SIAPA YANG SALAH? (CERPEN FIKSI)


          Matahari sudah mulai turun dari peraduannya. Panas tak lagi menyengat. Angin semilir di sore hari berhembus membelai dedaunan dan rumput-rumput yang sudah memanjang. Seorang kakek tua terlihat sibuk mencabuti rumput liar. Tangannya yang sudah lemah dengan kulit yang sudah kendur berusaha sekuat tenaga menarik paksa rumput liar yang masih ingin menikmati kehidupan. Sesekali kakek harus membetulkan kerah bajunya yang kedodoran.

          Halaman yang ia bersihkan itu bukan halaman rumahnya, karena memang kakek itu tidak punya rumah. Bangunan sederhana yang ada di sampingnya itu adalah sebuah surau. Usia surau itu sudah cukup tua, mungkin seusia kakek itu. Surau itu tidak ditopang oleh tiang beton seperti masjid agung di pusat kota. Surau itu hanya ditopang oleh kayu-kayu yang sekarang sudah terlihat lapuk dimakan rayap dan di beberapa bagian dihinggapi kumbang yang ingin membuat sarang. 

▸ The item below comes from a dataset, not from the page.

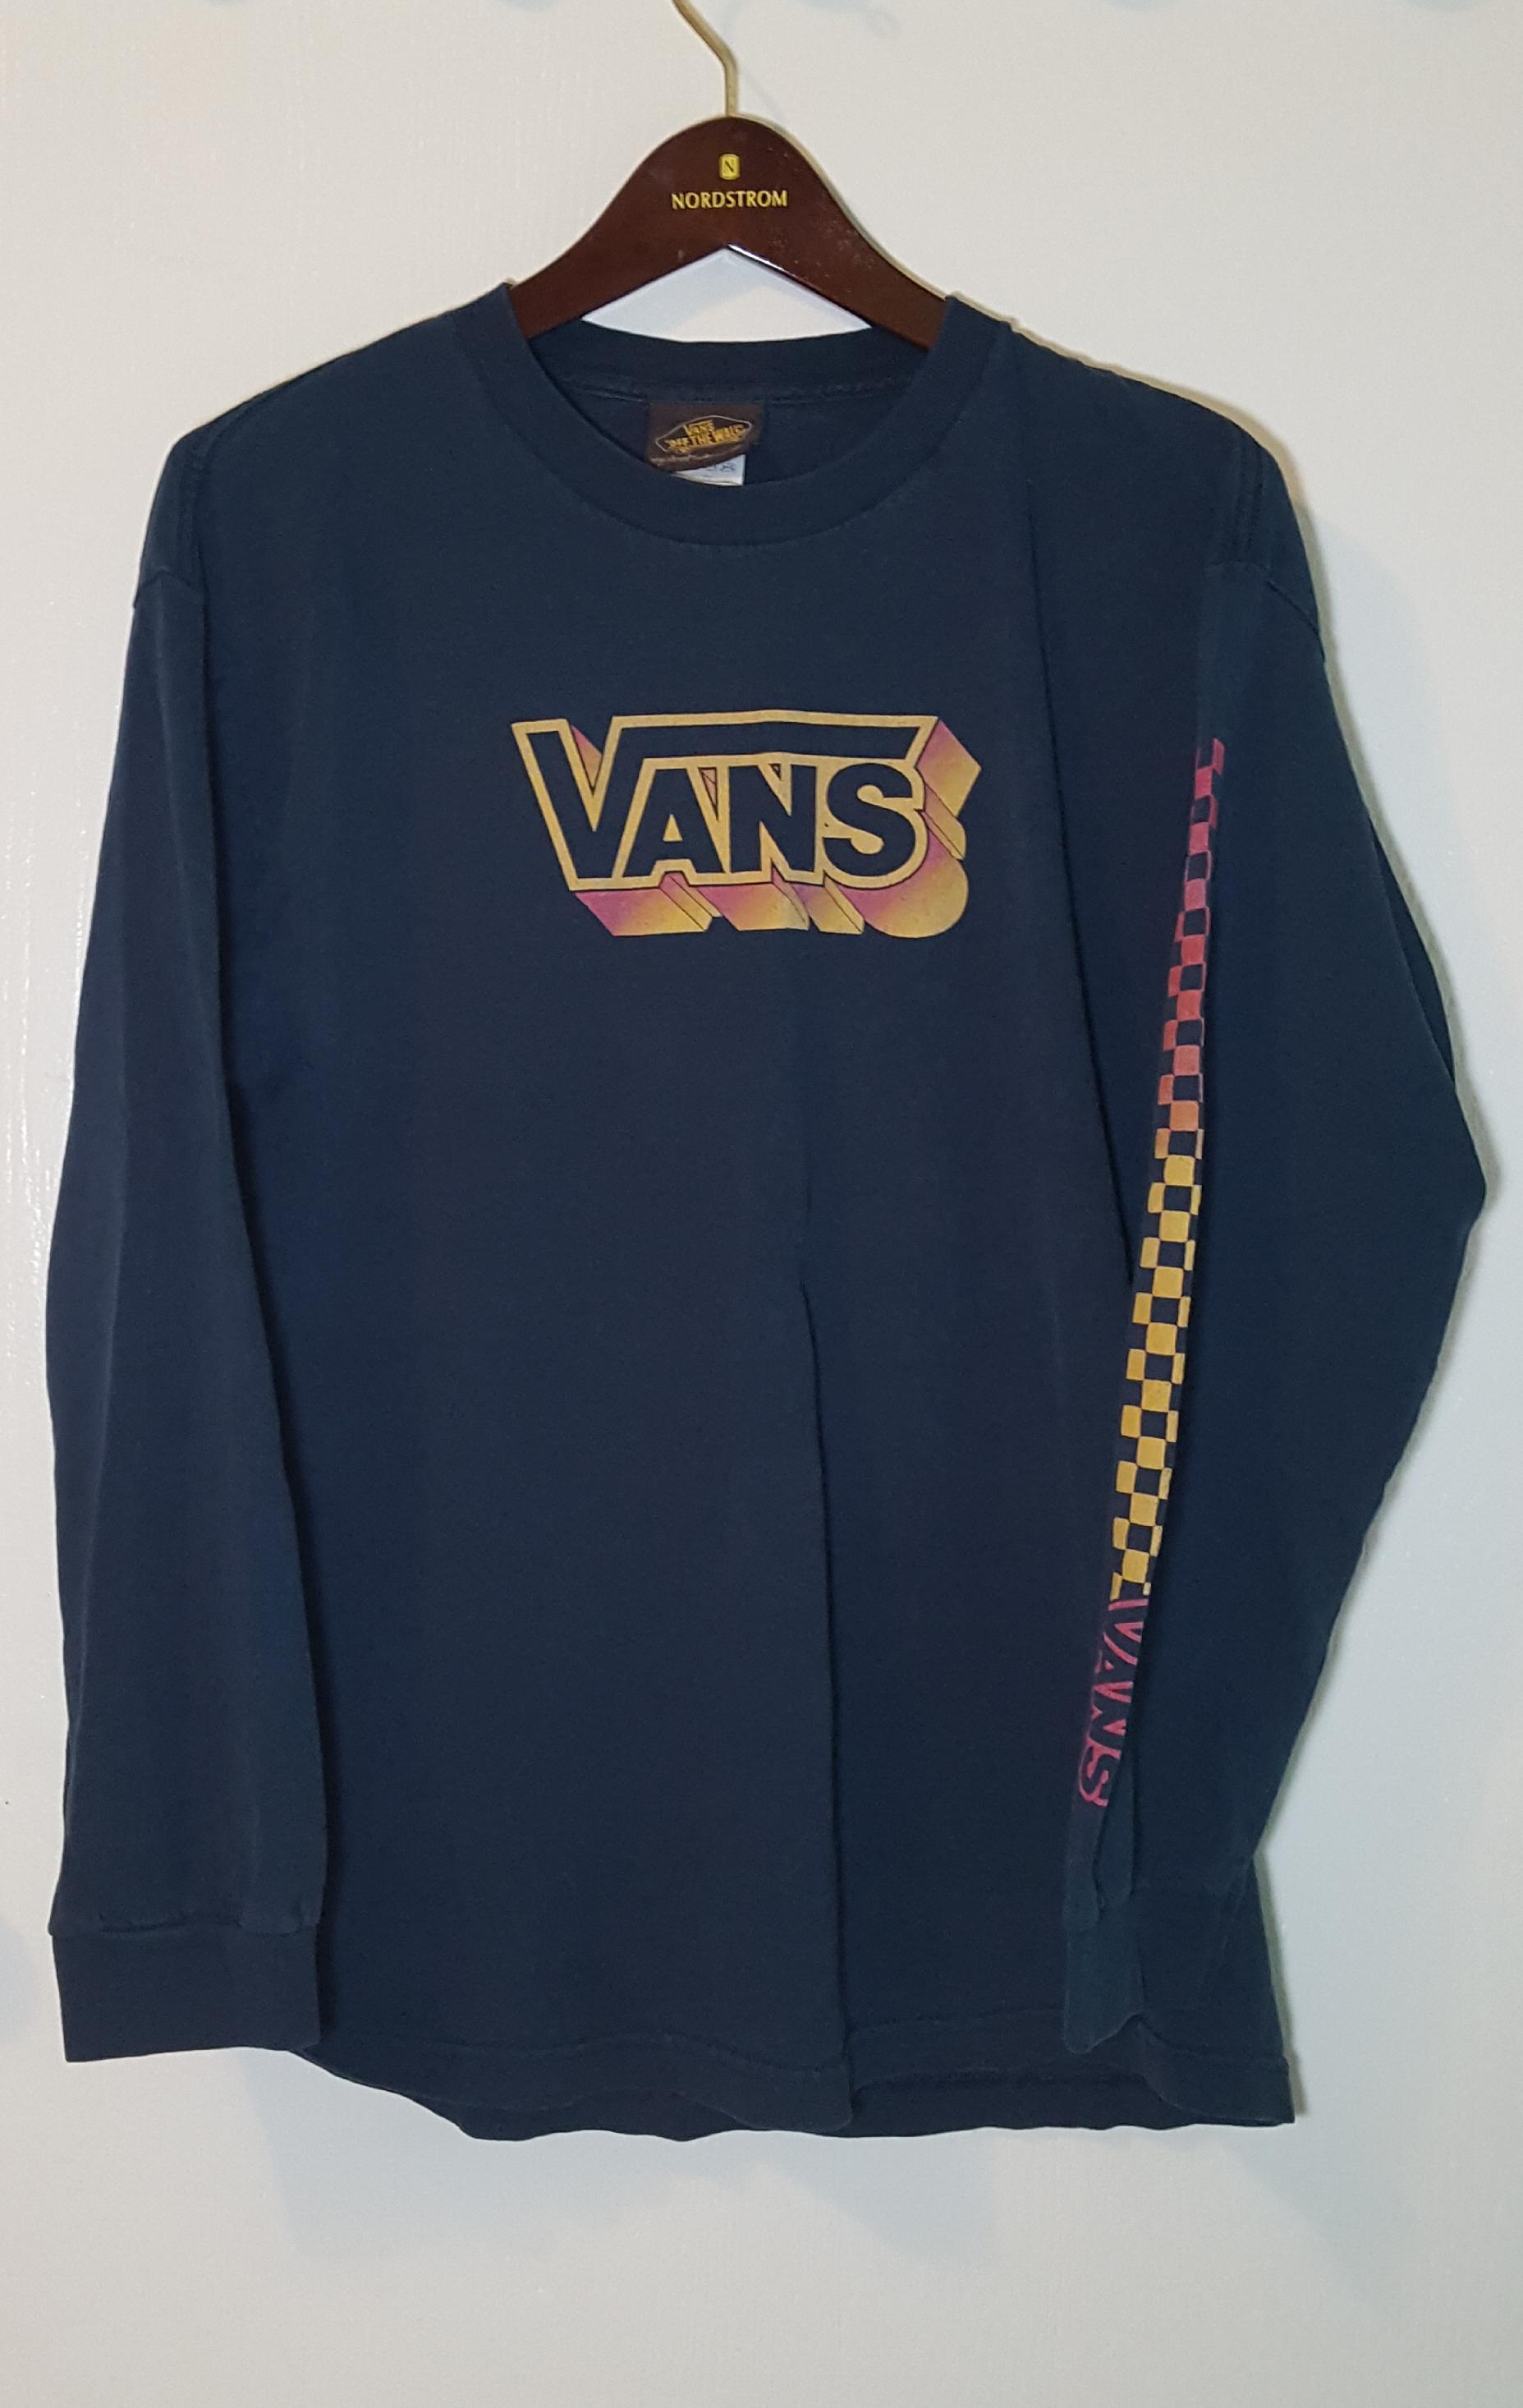 d3f2bc58b131 Vans Vintage VANS Checkerboard Long Sleeve T shirt Mens Sz L Size l - Long  Sleeve T-Shirts for Sale - Grailed

          Kakek itu adalah penunggu surau itu. Dia tinggal di salah satu ruangan kosong di samping tempat imam. Dulu ia adalah seorang guru ngaji. Aku adalah salah satu muridnya. Aku takkan pernah melupakan nama kakek itu. Namanya Sobri, Wak Sobri kami memanggilnya.


                                                                        ***

          Sekitar usia tujuh tahun, aku sudah disuruh oleh ayah untuk belajar mengaji dengan Wak Sobri. Setiap jam lima sore, aku sudah siap dengan Al-Qur’an dan sebatang lidi pendek yang kumasukkan dalam kantong kresek hitam. Jika jam lima aku belum berangkat ke surau, ayah akan menjewer telingaku atau kalau lagi baik, ayah hanya memarahiku dengan suaranya yang garang, “Cepat turun!, usah betele-tele!”, bentaknya.



          Sesampainya di surau, aku langsung mengambil posisi duduk. Mengeluarkan Al-Qur’an dan lidi dari kantong kresek hitam, membuka bacaan yang kemarin dan mengulang-ngulang untuk bacaan hari ini. Kulihat wak Sobri masih mengajari anak-anak yang lain. Gaya mengajar wak Sobri sangat menakutkan sekali. Suaranya parau seperti burung gagak. Jika aku dan kawan-kawan salah dalam melafalkan huruf atau kurang tepat dalam tajwid, maka sepotong kayu sebesar jempol kaki bisa mendarat ke paha kami. Akibatnya, paha kami membentuk garis merah membujur sebesar potongan kayu dan pedas rasanya. Aku dan kawan-kawan sering menyembunyikan kayu yang digunakan untuk memukul itu. Ternyata keusilan kami malah mendatangkan bencana besar. Wak Sobri malah menggunakan pemukul beduk sebagai gantinya. Tak jarang pemukul beduk itu menghantam tempurung lutut kami. Sakitnya melebihi dari hantaman potongan kayu yang kami sembunyikan. Setelah itu, kami tak pernah lagi menyembunyikan potongan kayu khusus itu. Kami sempat ingin menyembunyikan pemukul beduk sekaligus kayu khusus untuk memukul. Tapi kami takut kalau ia malah menjadikan beduk untuk menghantam tubuh kami yang masih kecil dan ingusan ini.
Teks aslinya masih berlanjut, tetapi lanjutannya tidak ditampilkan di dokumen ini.